Mentors can also make all the difference. “I want to emphasize how great of a mentor Stacy Supak has been and how much I have learned from her,” Matney says. He recalls how he was struck by her teaching style from the start. Rather than simply teaching the surface-level basics of how to use GIS software, Supak introduces her students to GIS through complex problems, Matney explains, and wants them to “understand it from the ground up,” so that they grasp what the software is doing behind-the-scenes.
“She has been an inspiration and a model for how I approached the work,” Matney says.
Looking to the future
Matney’s interest in the spatial sciences began with geography, but he quickly became drawn to “applications that could be used by people every day.” For his dissertation research, he built decision support tools for protected areas and land managers, focusing on the Rivers, Trails and Conservation Assistance (RTCA) program of the National Park Service (NPS). The RTCA is an intermediary for community groups who seek NPS funds for projects such as trail building or developing programs to get more kids into nature. Managing all of these projects, though, can be complex––a task that Matney saw could be simplified through spatial techniques.
A forthcoming publication in the Journal of Park and Recreation Administration catalogs his entire process of creating “a suite of web apps for a workflow they desired,” he explains, “from needs assessment to implementation to surveying the client.” RTCA can now simply use a web browser to access and manage a multi-user, editable database to track project data and progress, and the workflow Matney developed can be duplicated by other organizations looking for a similar solution.
This work demonstrates the utility of GIS for a wide range of applications. “You can dream big, have big ideas, and then implement these ideas with GIS in different areas,” Matney says. “GIS tools are inclusive tools that anyone can learn how to use.”
“GIS serves as a jumping off point to learn about different fields,” Matney continues. Over the course of his master’s and doctoral programs, he has gained expertise in areas as diverse as computer science and spatial statistics, which all “orbit around this center, which is GIS.”

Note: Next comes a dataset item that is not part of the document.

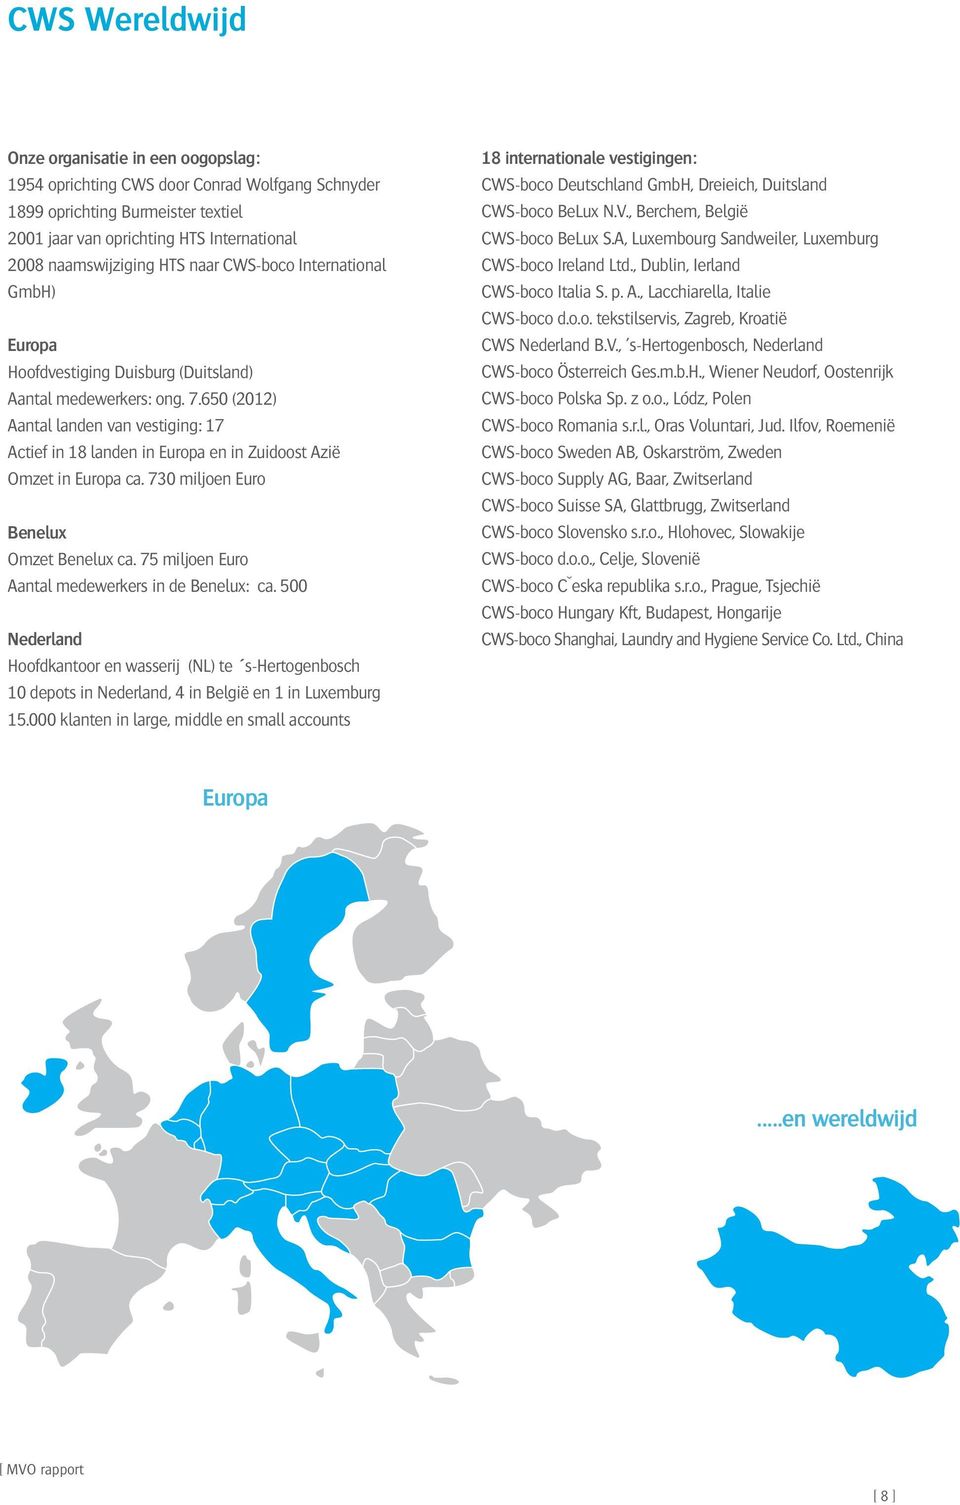 650 (2012) Aantal landen van vestiging: 17 Actief in 18 landen in Europa en in Zuidoost Azië Omzet in Europa ca. 730 miljoen Euro Benelux Omzet Benelux ca.

He is also interested in the history and future of GIS, including machine learning, the use of geotagged data from social media to understand park use and the Internet of Things. He predicts that applications in this area will play a large role in the future of GIS. “Spatial intelligence is more intuitive to younger people,” he says. “Everything on a phone is geolocated. Young people use this technology every day.”
As Matney pursues a career in university teaching, innumerable more young people will likely be inspired to learn GIS from his instruction. At NC State, a large number already have.
Matney’s doctoral advisory committee is co-chaired at the Center for Geospatial Analytics by Stacy Supak and faculty fellow Stacy Nelson.